The report also recommends selling most of the 51 acres of vacant land the city owns in Woodlawn — 23.7 acres should be redeveloped into housing and 13.9 acres should become mixed-use housing, according to the report.

About 0.7 acres of that land should be preserved for “new open space,” particularly in southwest Woodlawn — the area furthest from Washington Park, Midway Plaisance and Jackson Park, according to the report.

Copies of the consolidated report were available for review at Thursday’s open house at Hyde Park High School, 6220 S. Stony Island Ave.

All of the city’s Department of Housing and Department of Planning and Development officials at the open house declined to answer questions, saying they were instead focused on hearing from residents.

In a statement, the city’s Department of Planning and Development Commissioner Maurice Cox said the report aims to highlight “the substantial planning work in Woodlawn over the last 15 years by multiple community organizations and civic agencies.”

“The report’s purpose is to consolidate local goals and ensure they’re implemented. This is specifically intended to benefit existing stakeholders and long-time residents as the Obama Presidential Center starts to take shape later this year,” he said.

A final version of the report is set to be presented to the Chicago Plan Commission Feb. 21. If adopted by the commission, the report would serve as an official guide to development in Woodlawn, helping guide land-use decisions and public investments in the neighborhood.

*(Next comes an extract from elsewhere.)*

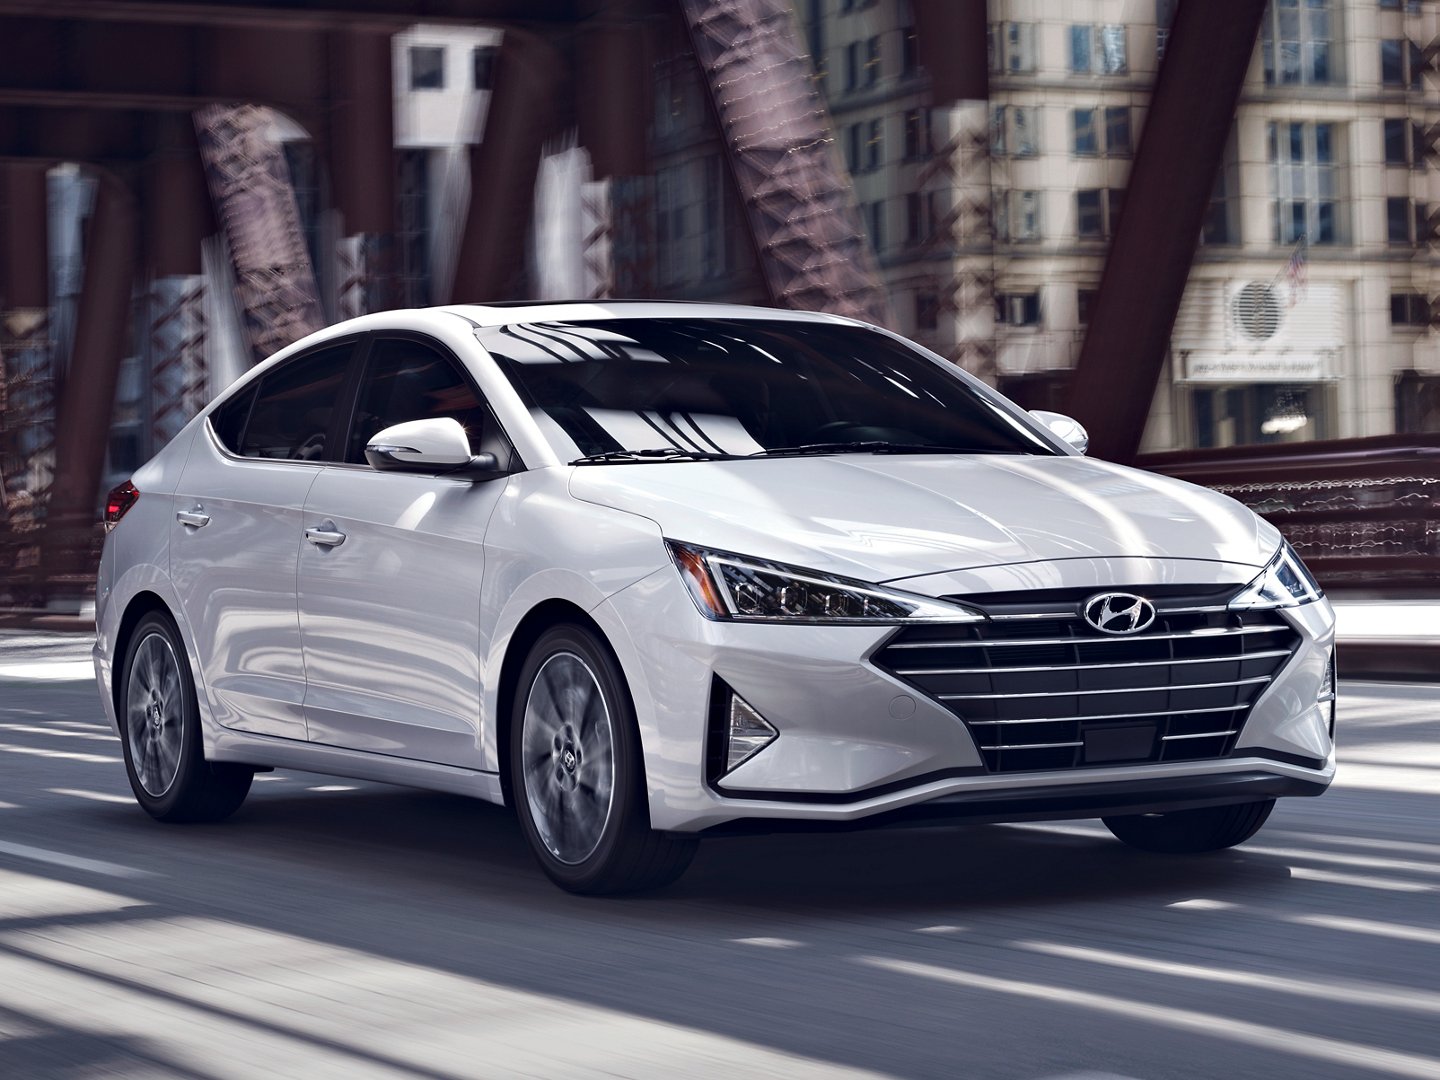 Đánh giá xe Hyundai Elantra 2020 Giá bán khuyến mãi thông số kỹ thuật   anycarvn

Combining the numerous plans for Woodlawn into one was needed, said Lisa Alexander, who serves as a tenant representative for her Woodlawn apartment building.

“I’m happy to be a resident of Woodlawn right now, and I’m glad to see the community grow,” Alexander said. “I would like to see all the plans come together in a sense where there is no displacement of people.”

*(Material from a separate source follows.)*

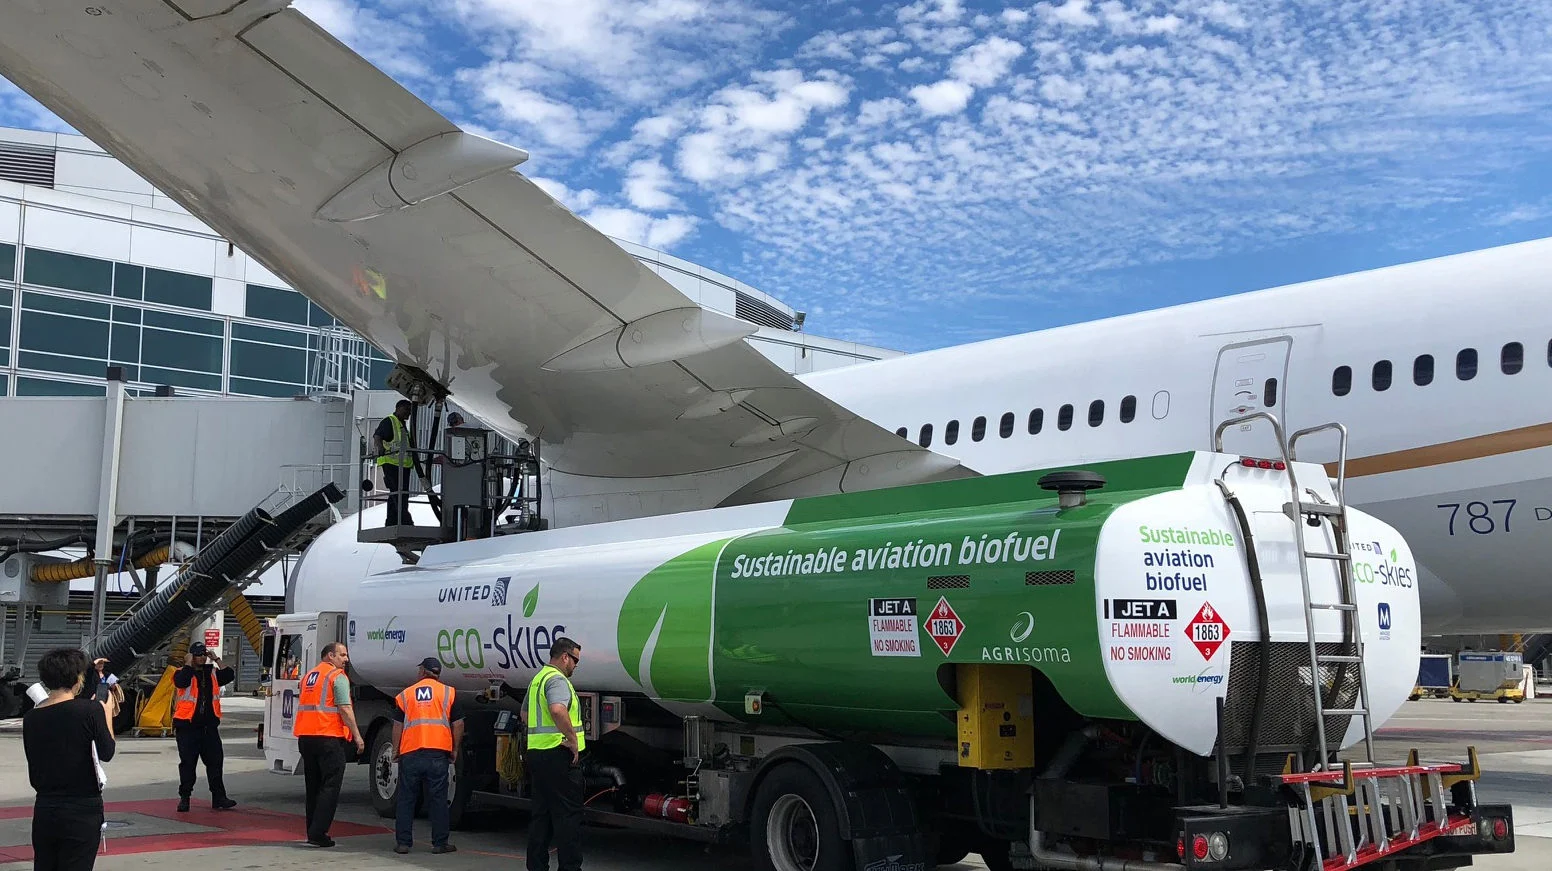 Combustível do Futuro: SAF vai precisar de hidrogênio verde, não fóssil. Na imagem, biocombustível de aviação abastece aeronave da United no Aeroporto Internacional de São Francisco, nos EUA (Foto: Divulgação)

Alexander said she enjoys the vacant land that surrounds her building at 62nd Street and Kimbark Avenue, as “there’s something about that land that gives me a sense of freedom.”

Alexander encouraged city officials to consider the “peaceful” qualities of undeveloped land and ensure all areas of the neighborhood have easy access to green space.

“Why does everything have to have something built on it?” Alexander said. “I know that development needs to take place, and I’m all for the diversity of the community … but I just don’t want every space to be taken.”

Vincent Cole, who manages Alexander’s building, said he was “still trying to make something” of the new report, which was released hours before the open house began.

With the new report’s goal of consolidation in mind, he wondered why it didn’t include input from 1Woodlawn among the plans and studies it considered.

“I’m curious as to how these two plans are similar, but they’re not meshed together,” Cole said. “They seem like two people with two different visions about the same piece of land.”

The Obama CBA Coalition’s plan for Woodlawn and surrounding areas is also absent from the report, as is the University of Illinois at Chicago’s September 2019 study on affordable housing.

The city’s affordable housing proposal was also discussed at Thursday’s open house.

Washington Park Advisory Council President Cecilia Butler said she’s “somewhat familiar” with the city’s recently released draft plan. At the open house, the Washington Park resident said she asked numerous officials when a plan for protecting affordable housing in her neighborhood would be released.

The community benefits agreement ordinance proposal — now on ice — would apply to part of Butler’s neighborhood, while the city’s recently released proposal would not.

“We deserve our turn. Washington Park wants our piece,” Butler said, adding that she’s “sure” the neighborhood will eventually be included in the city’s ordinance proposal.

Though she applauded the CBA’s wider reach, Butler is not a fan of the document nor the coalition that drafted it — she’s opposed to “[the Kenwood-Oakland Community Organization] leading Woodlawn,” she said.

“I’m against the CBA, but I am for affordable housing throughout the city of Chicago, because that’s the only way that average or poor people are going to be here,” Butler said.

The open house came two days after the CBA coalition held a community forum on the new proposal. Coalition members encouraged attendees to show up to Thursday’s open house.